Beginning with the line that contains "You Will Never", restate each line below through the final one exactly, and exclude the pictures.
DATA BELOW Block Start
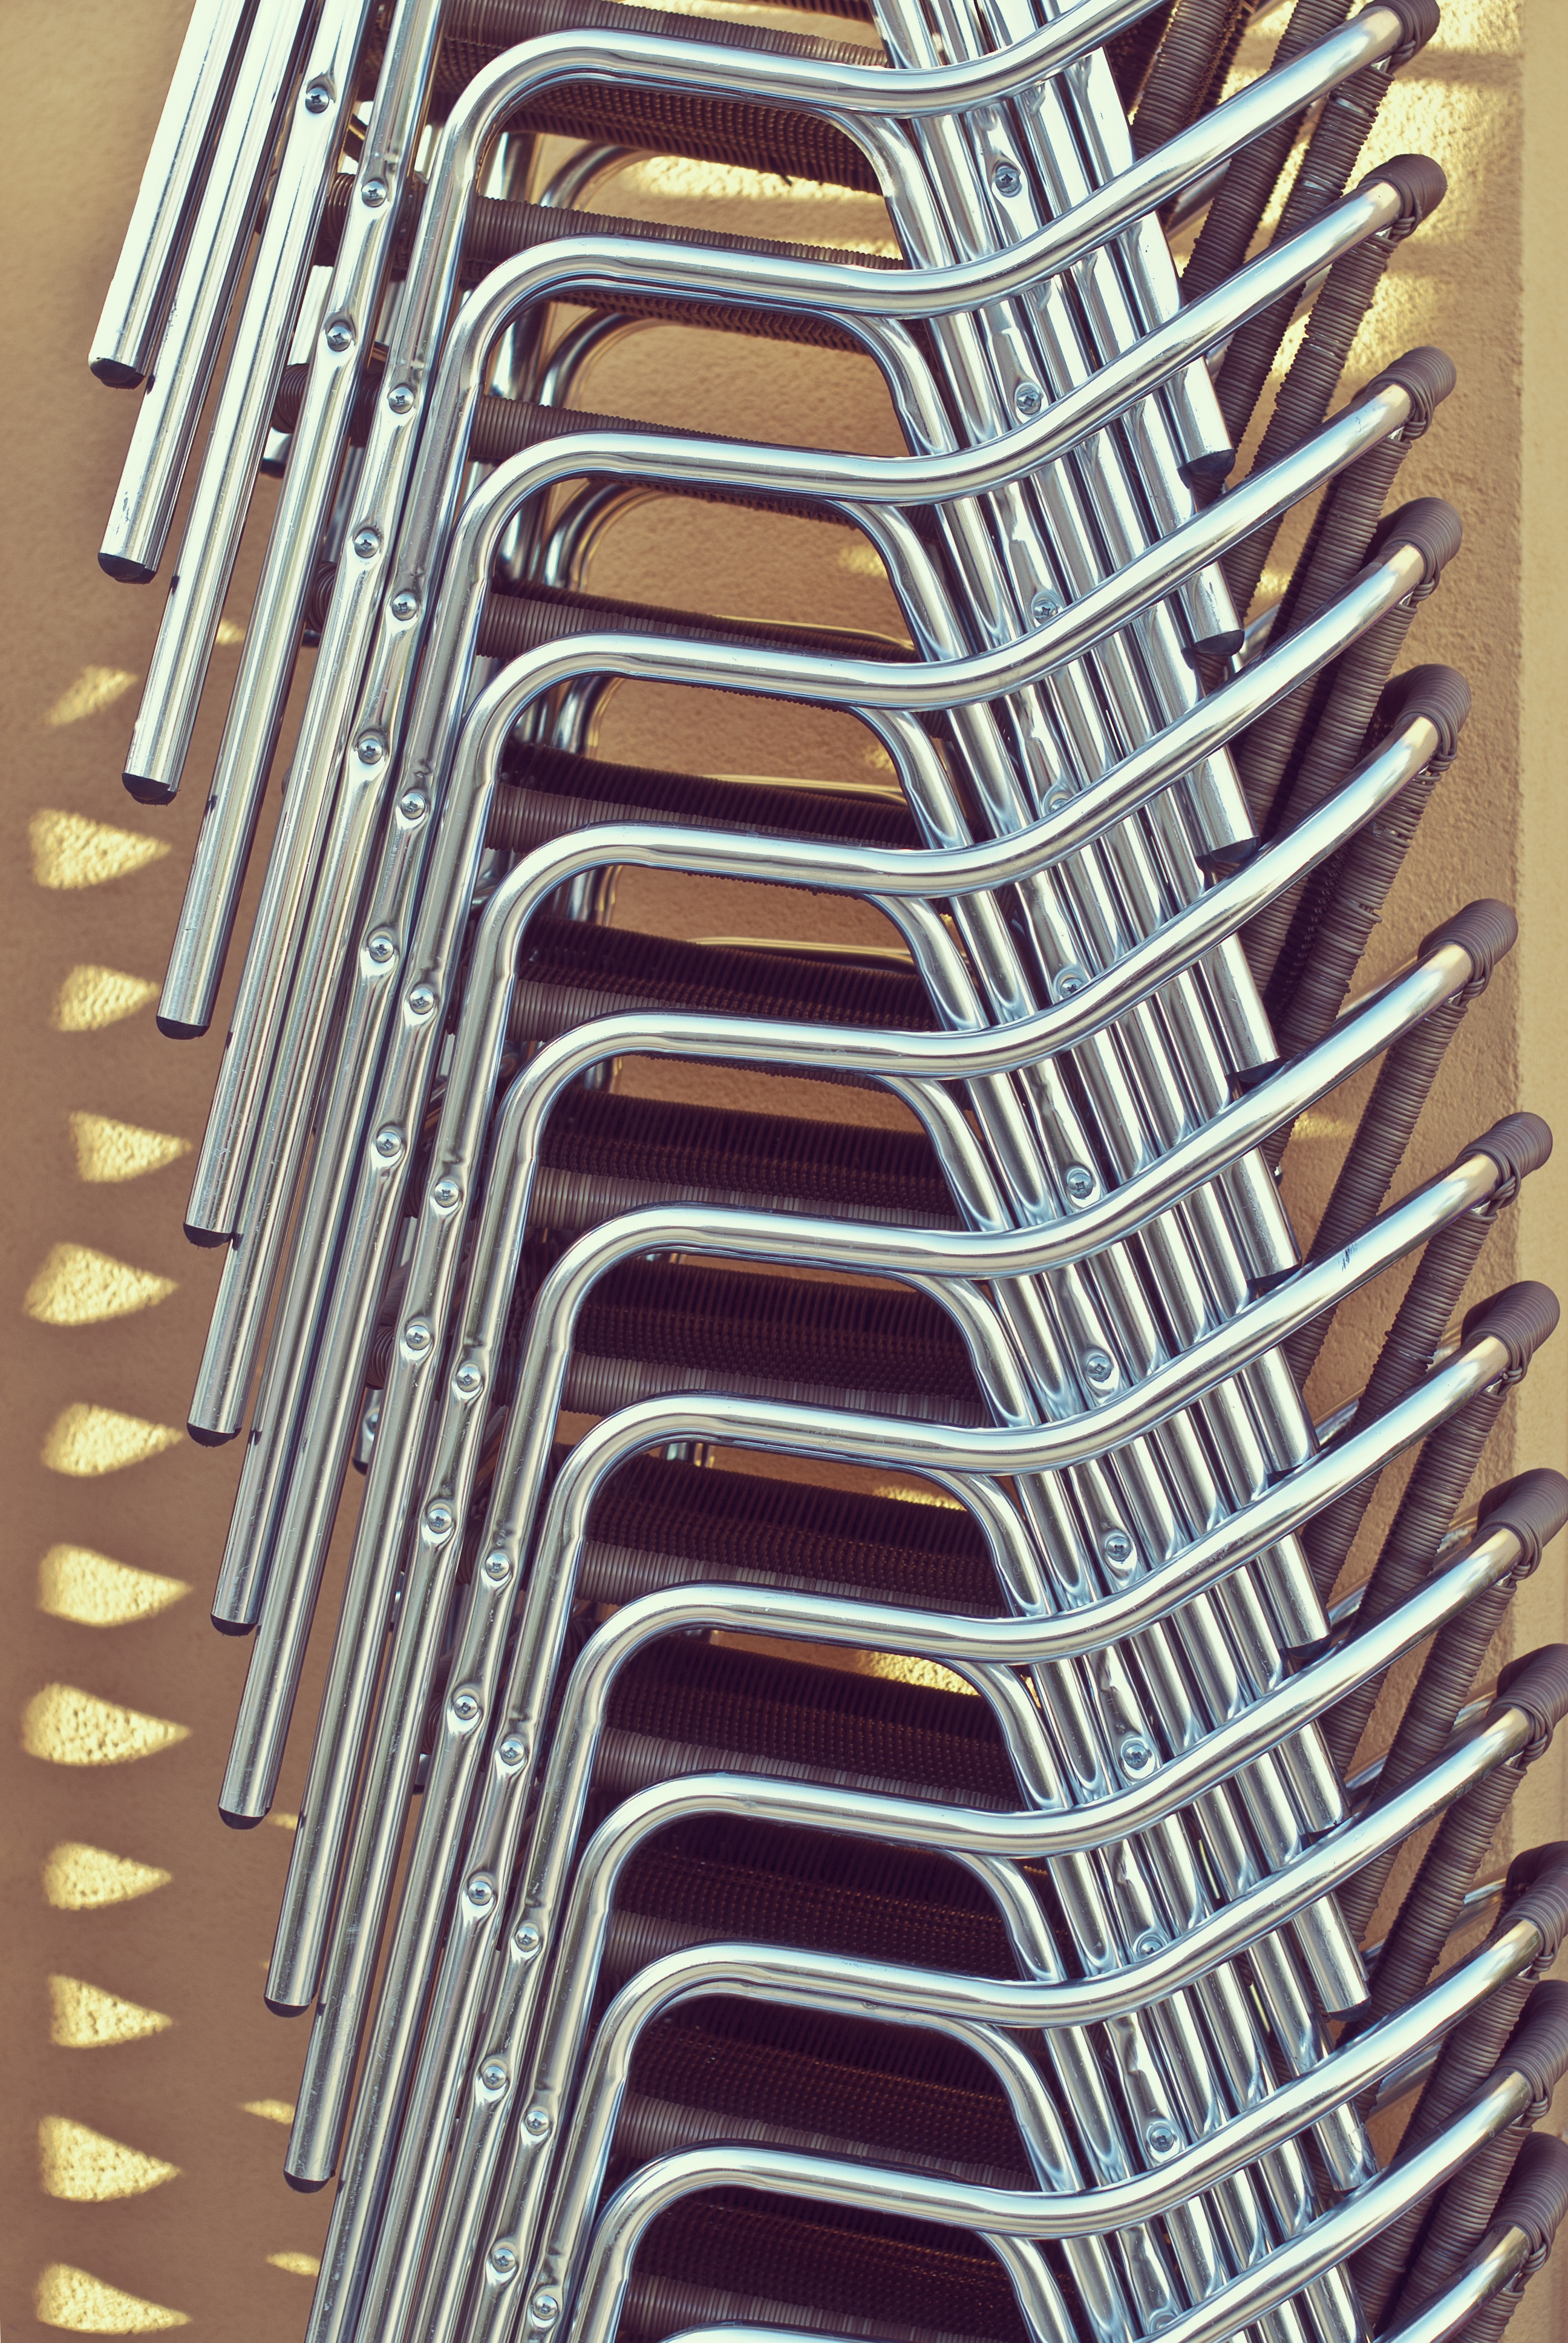 chrome and brown piled chairs
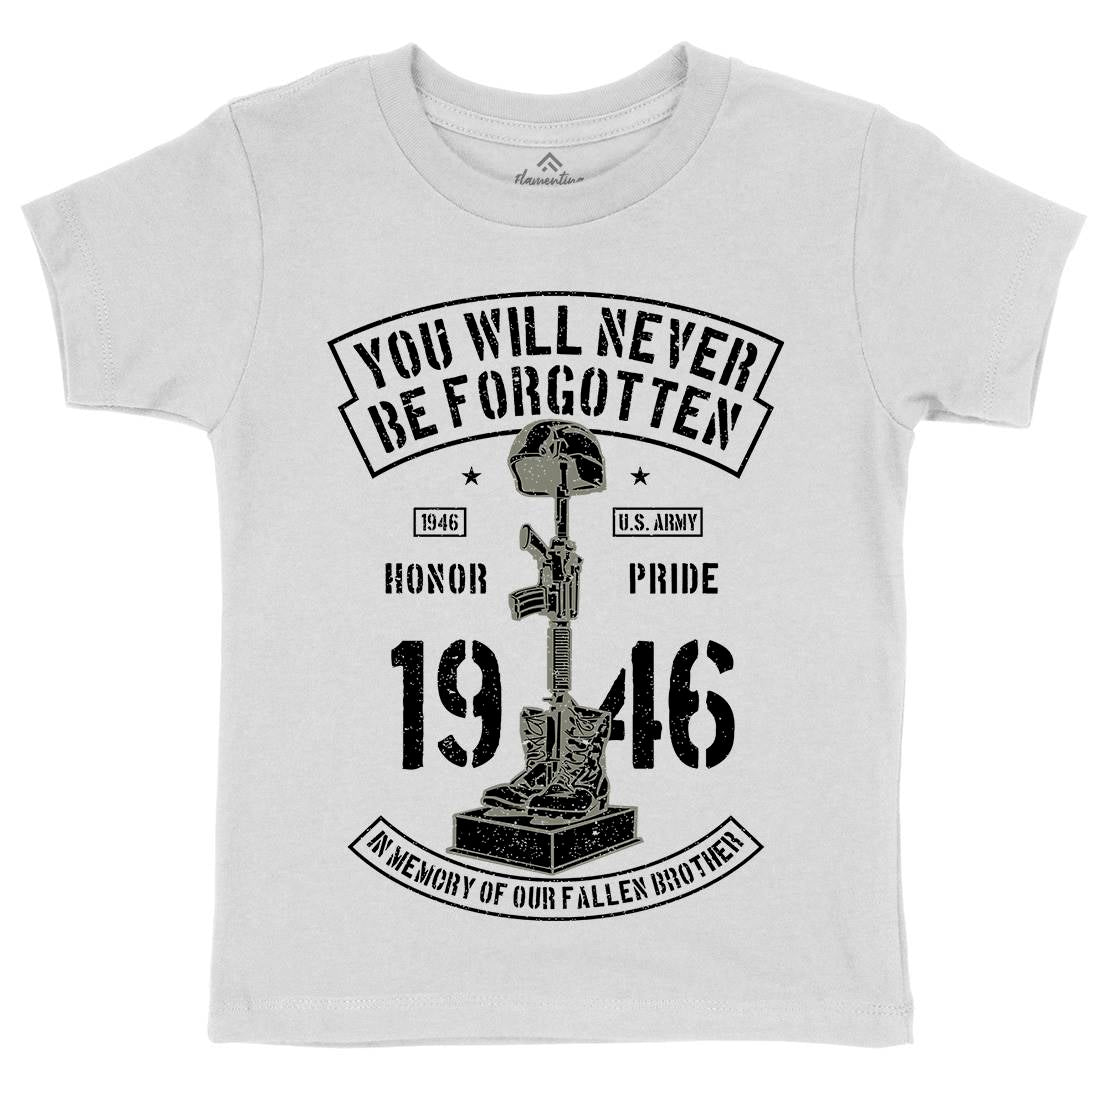 You Will Never Be Forgotten Kids Organic Crew Neck T-Shirt Army A800
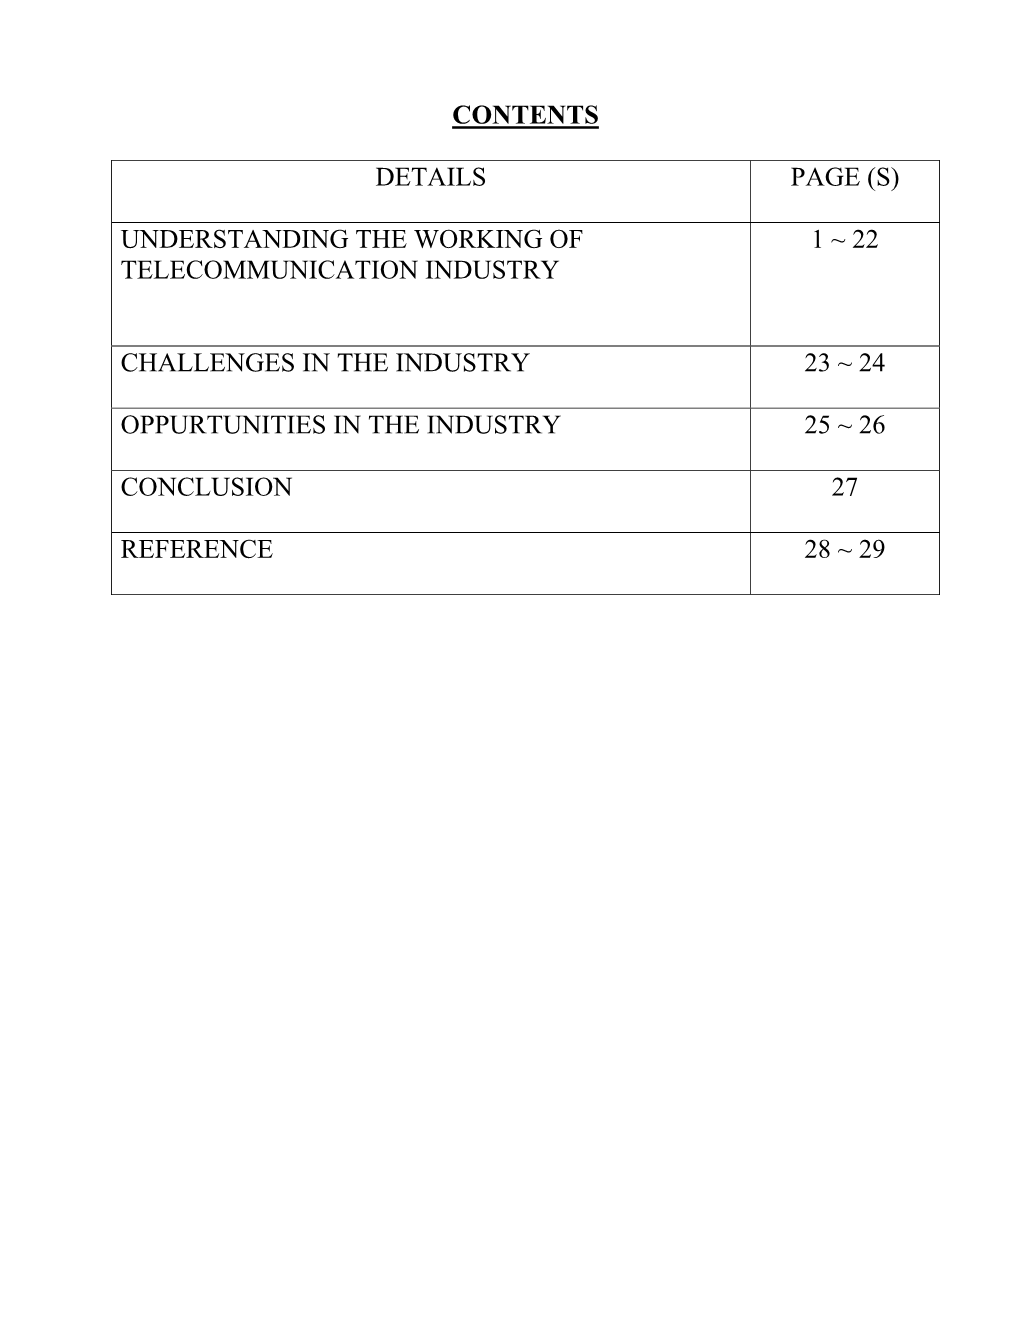 Contents Details Page (S) Understanding the Working of Telecommunication Industry 1 ~ 22 Challenges in the Industry 23 ~ 24 Oppu
DATA BELOW Block End
**ANSWER TO THIS PROBLEM:**
 You Will Never Be Forgotten Kids Organic Crew Neck T-Shirt Army A800
 Contents Details Page (S) Understanding the Working of Telecommunication Industry 1 ~ 22 Challenges in the Industry 23 ~ 24 Oppu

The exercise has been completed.